THE DATA:

#####

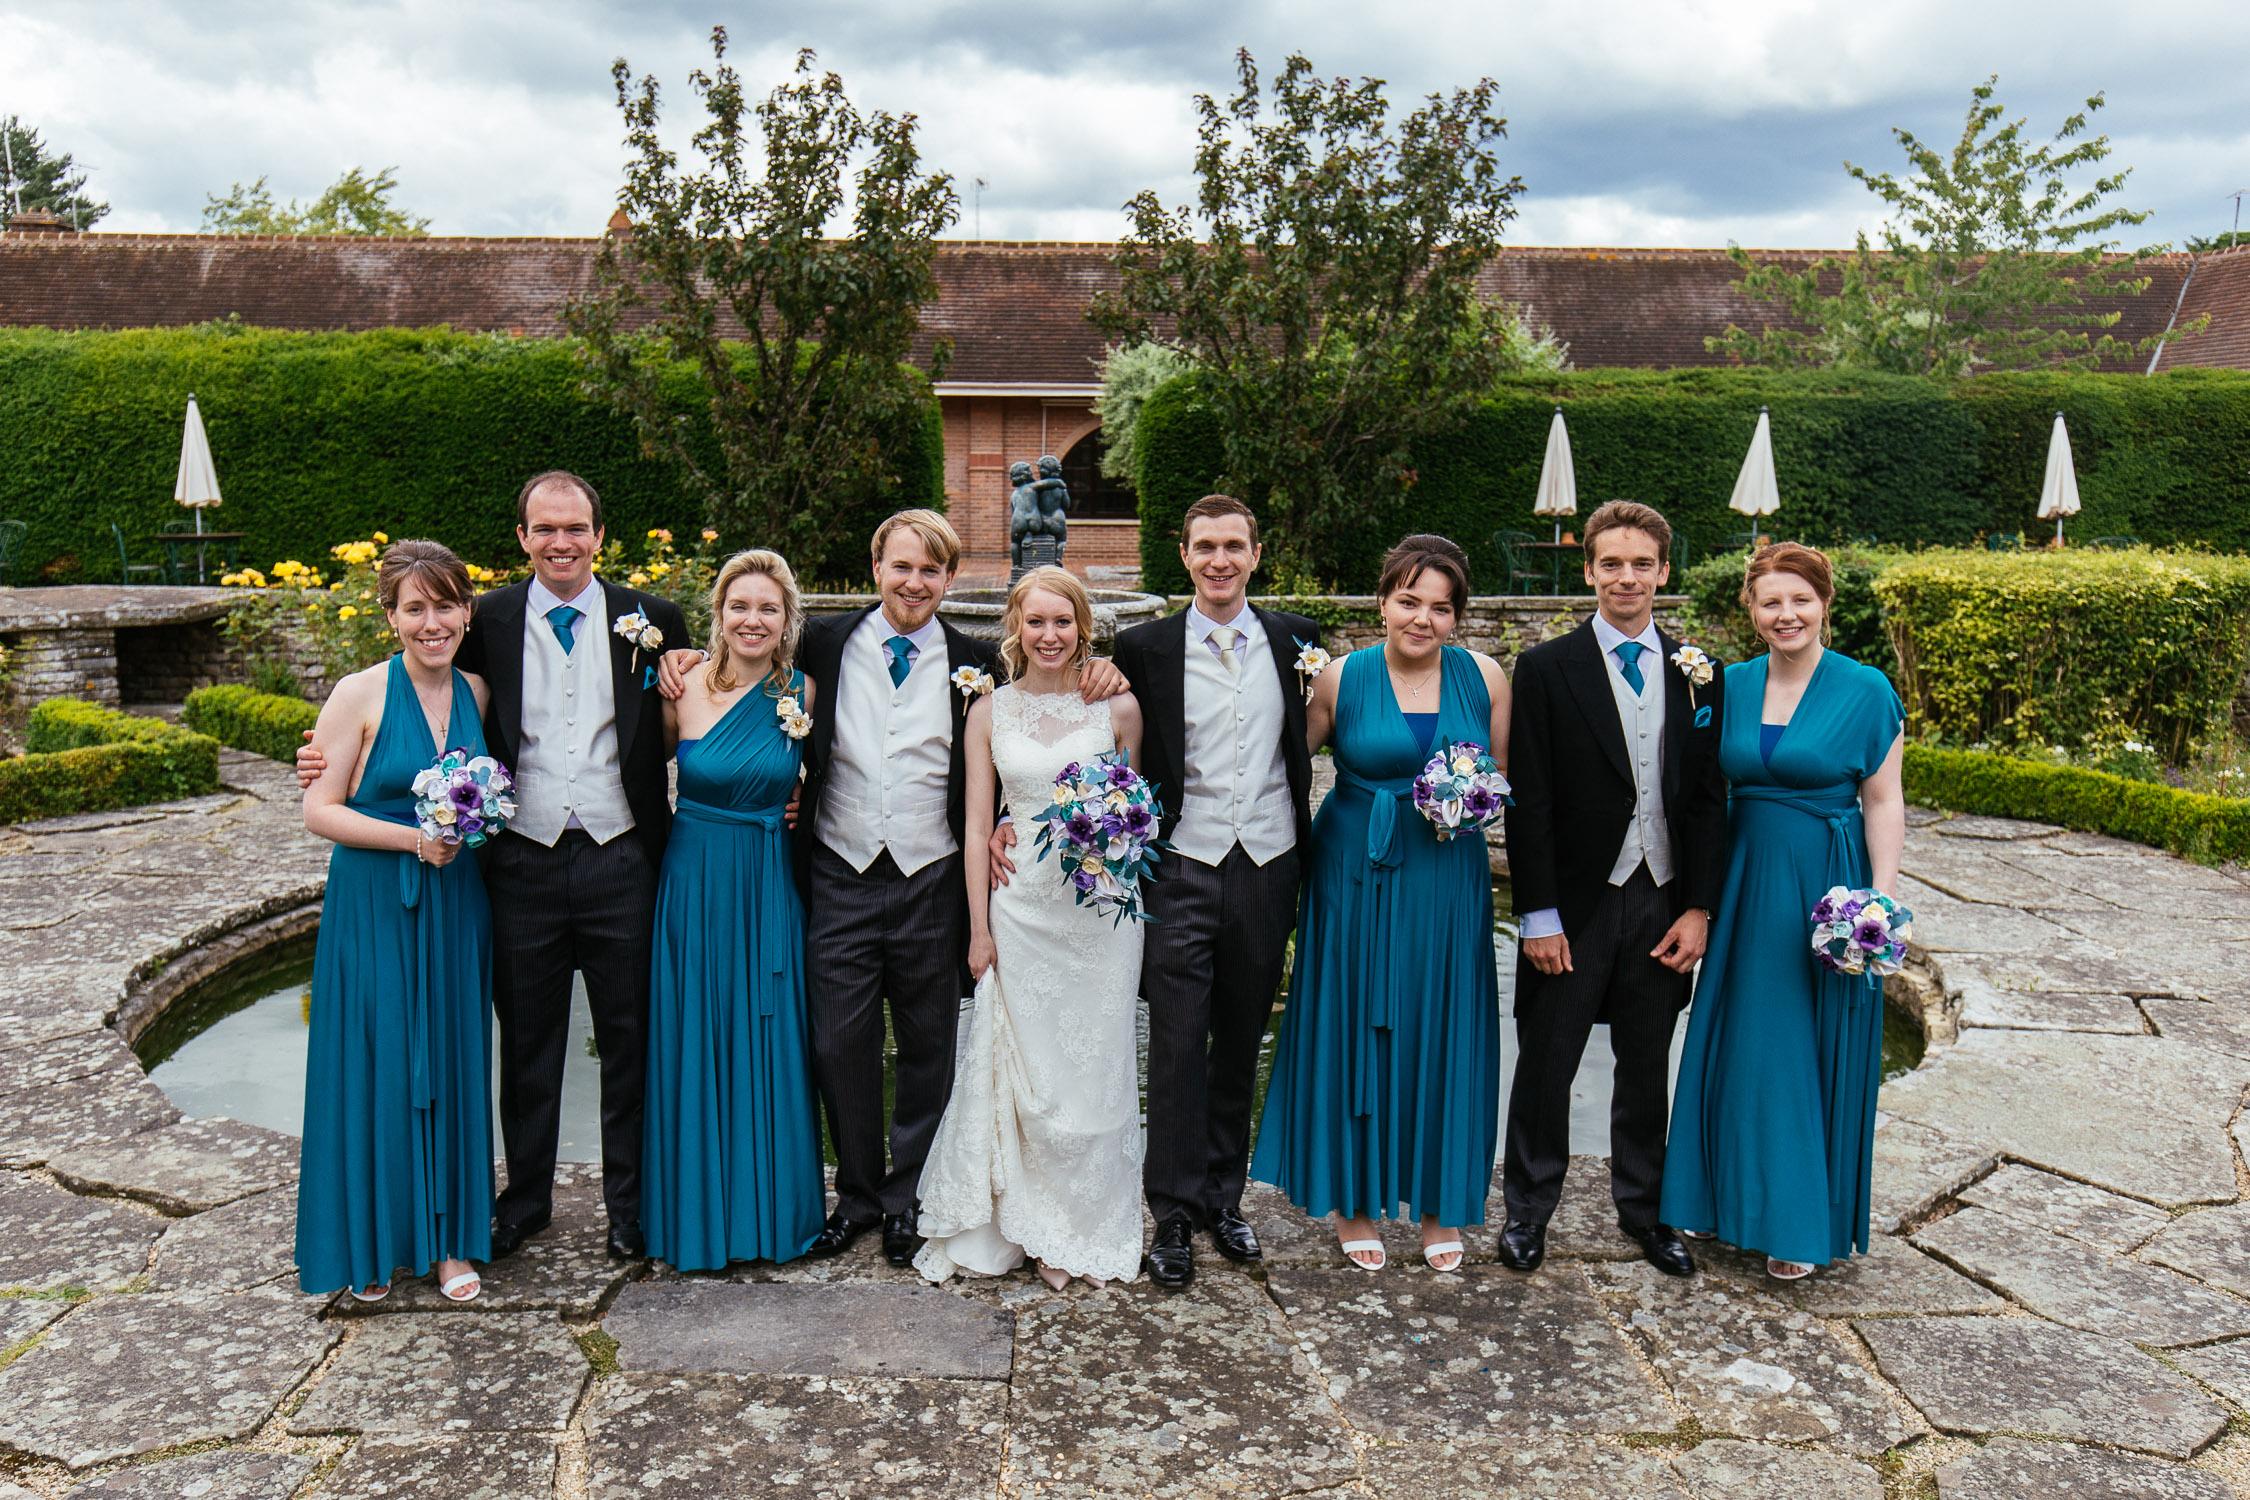 Lizi-and-Mark-Wedding-Highlights-57.jpg
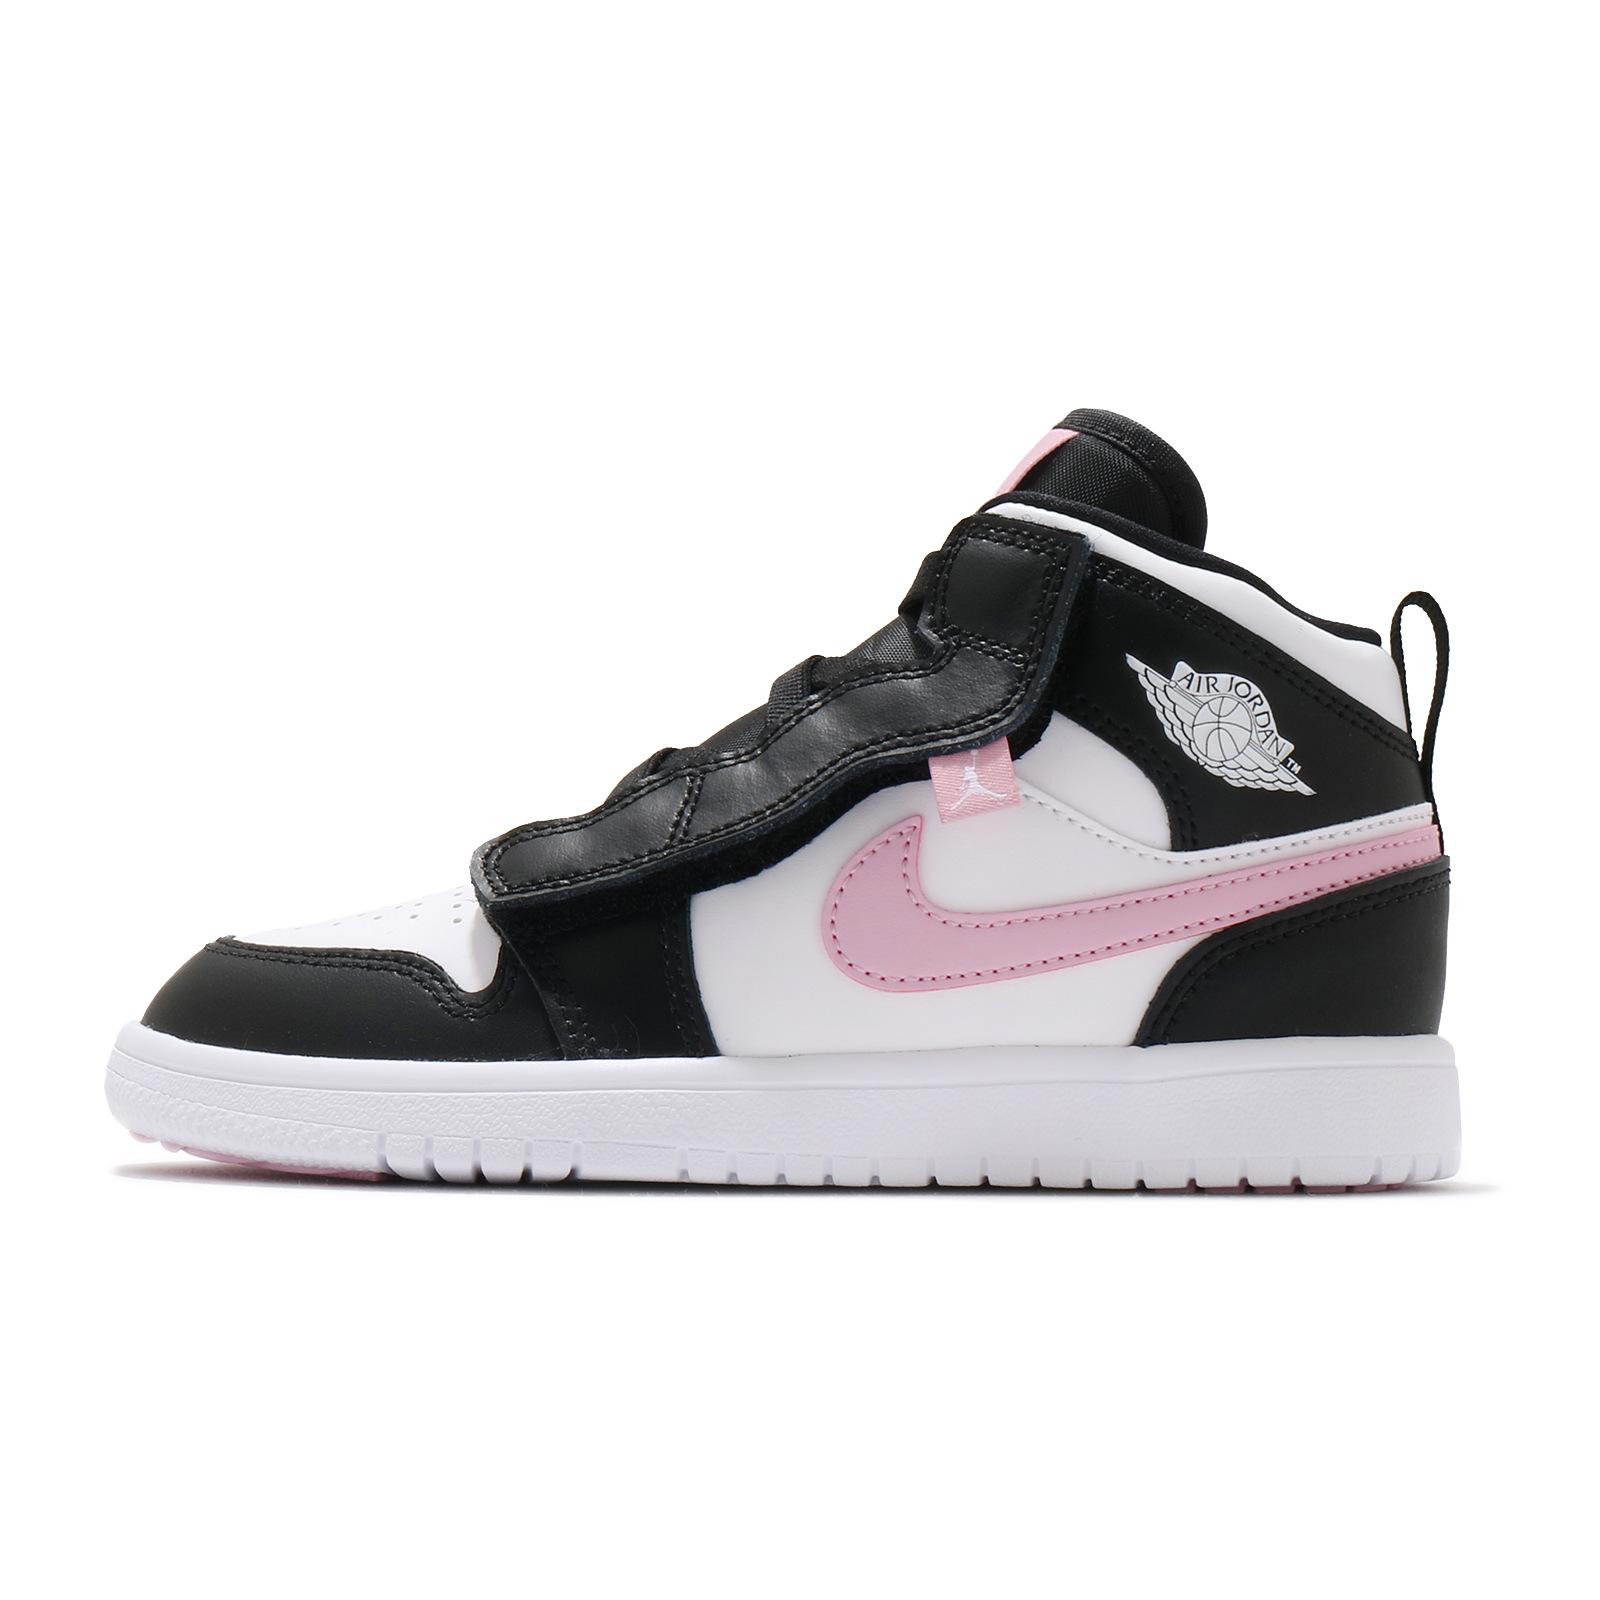 Nike 童鞋 Jordan 1 Mid ALT PS 黑 白 粉紅 喬丹 女孩 小朋友【ACS】 AT4612-103
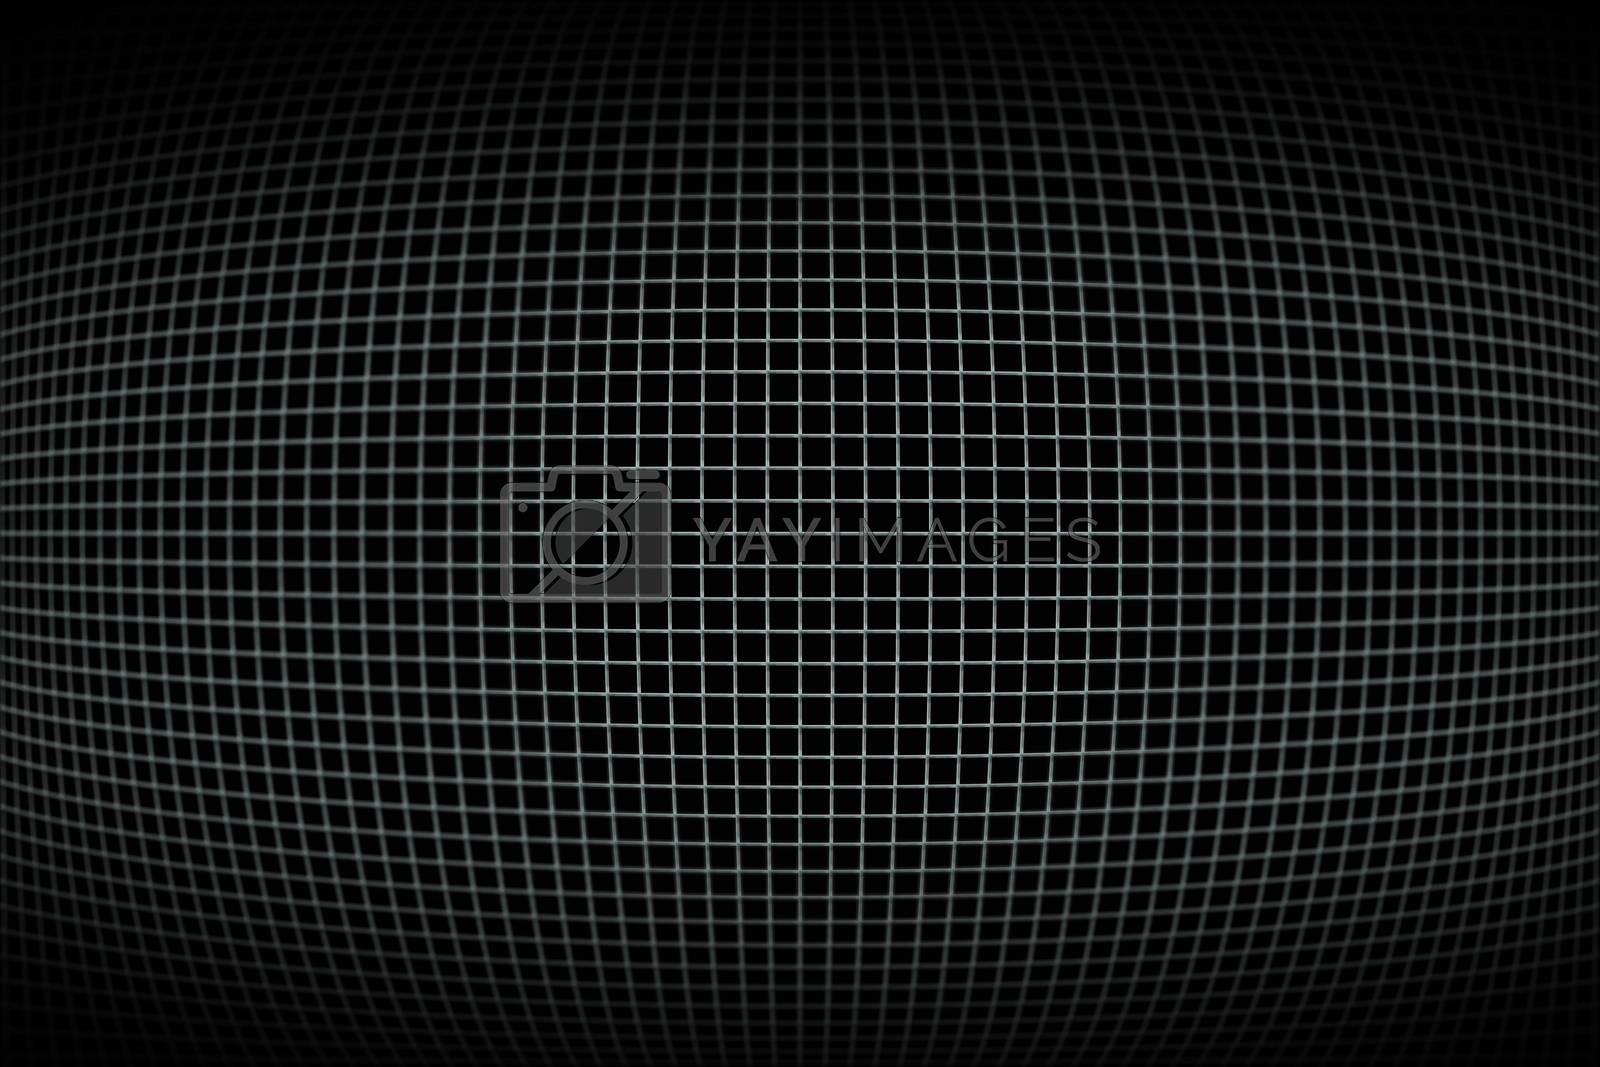 Royalty free image of Dark black and grey gird pattern by Wavebreakmedia

#####

TASK:
What you need to copy is the run of lines from the one holding "Nike 童鞋 Jordan" through the end of the data, exactly and only, both ends included, pictures omitted.

WRITTEN ANSWER:
 Nike 童鞋 Jordan 1 Mid ALT PS 黑 白 粉紅 喬丹 女孩 小朋友【ACS】 AT4612-103
 Royalty free image of Dark black and grey gird pattern by Wavebreakmedia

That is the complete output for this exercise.